EFFECTS OF ELEVATED-TEMPERATURE ON GROWTH, GAMETOGENESIS, PHYSIOLOGY, AND BIOCHEMICAL-COMPOSITION IN DIPLOID AND TRIPLOID PACIFIC OYSTERS, CRASSOSTREA-GIGAS THUNBERG

Growth, gametogenesis, physiology, and biochemical composition of 1-yr-old diploid and triploid Pacific oysters, Crassostrea gigas Thunberg, were simultaneously examined at ambient (8-15-degrees-C) and at elevated (30-degrees-C) temperatures.
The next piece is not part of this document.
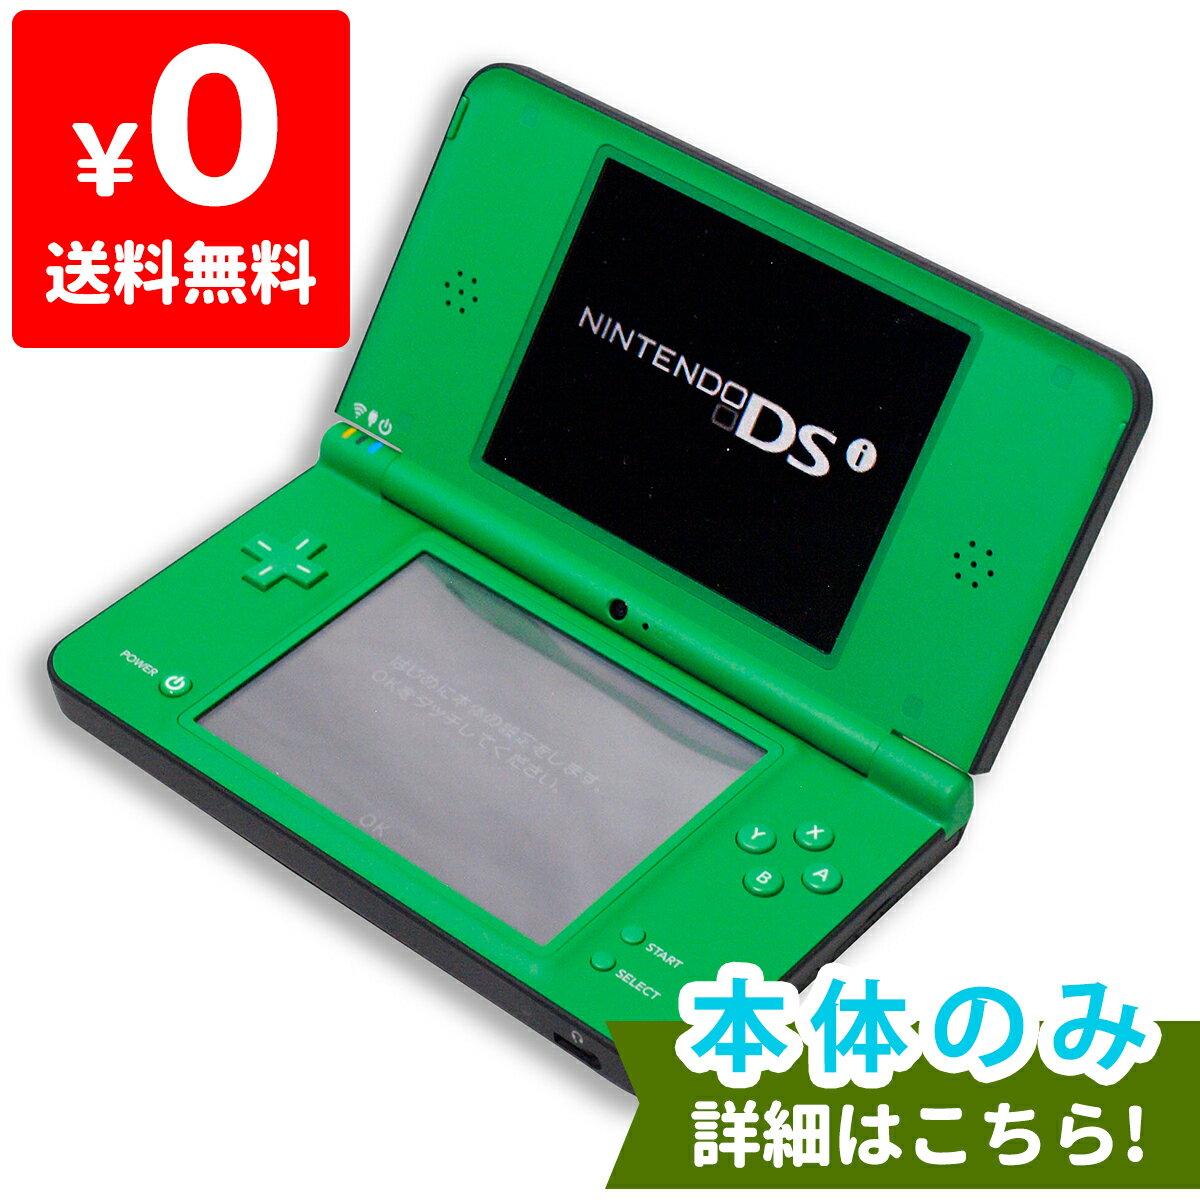 DSiLL ニンテンドーDSi LL グリーンUTL-S-MKA 本体のみ タッチペン付き Nintendo 任天堂 ニンテンドー 中古 4902370518221 送料無料 【中古】

Triploid oysters grew significantly faster (P less-than-or-equal-to 0.01) and exhibited a significantly higher (P < 0.0001) condition index than diploid oysters at the elevated temperature. No significant differences were found between diploid and triploid oysters in rates of oxygen consumption and ammonia excretion at either temperature. Biochemical composition (total protein, carbohydrate, lipid and ash) was similar for both groups at ambient temperature. At elevated temperature, however, triploid oysters had significantly higher levels of carbohydrate (P less-than-or-equal-to 0.016) and protein (P less-than-or-equal-to 0.003) than diploid oysters. Both diploid and triploid oysters developed gametes at ambient temperature, but gonadal development in triploid individuals was 60-80% lower than in diploid individuals. At elevated temperature, 92% of the diploids were found to be ripe, compared to 0% of the triploids. The greater dry tissue weight, condition index, and protein and carbohydrate levels of triploid oysters at 30-degrees-C may be attributable to their decreased reproductive effort compared to diploids, thereby giving triploid oysters an energetic advantage at stressful temperatures.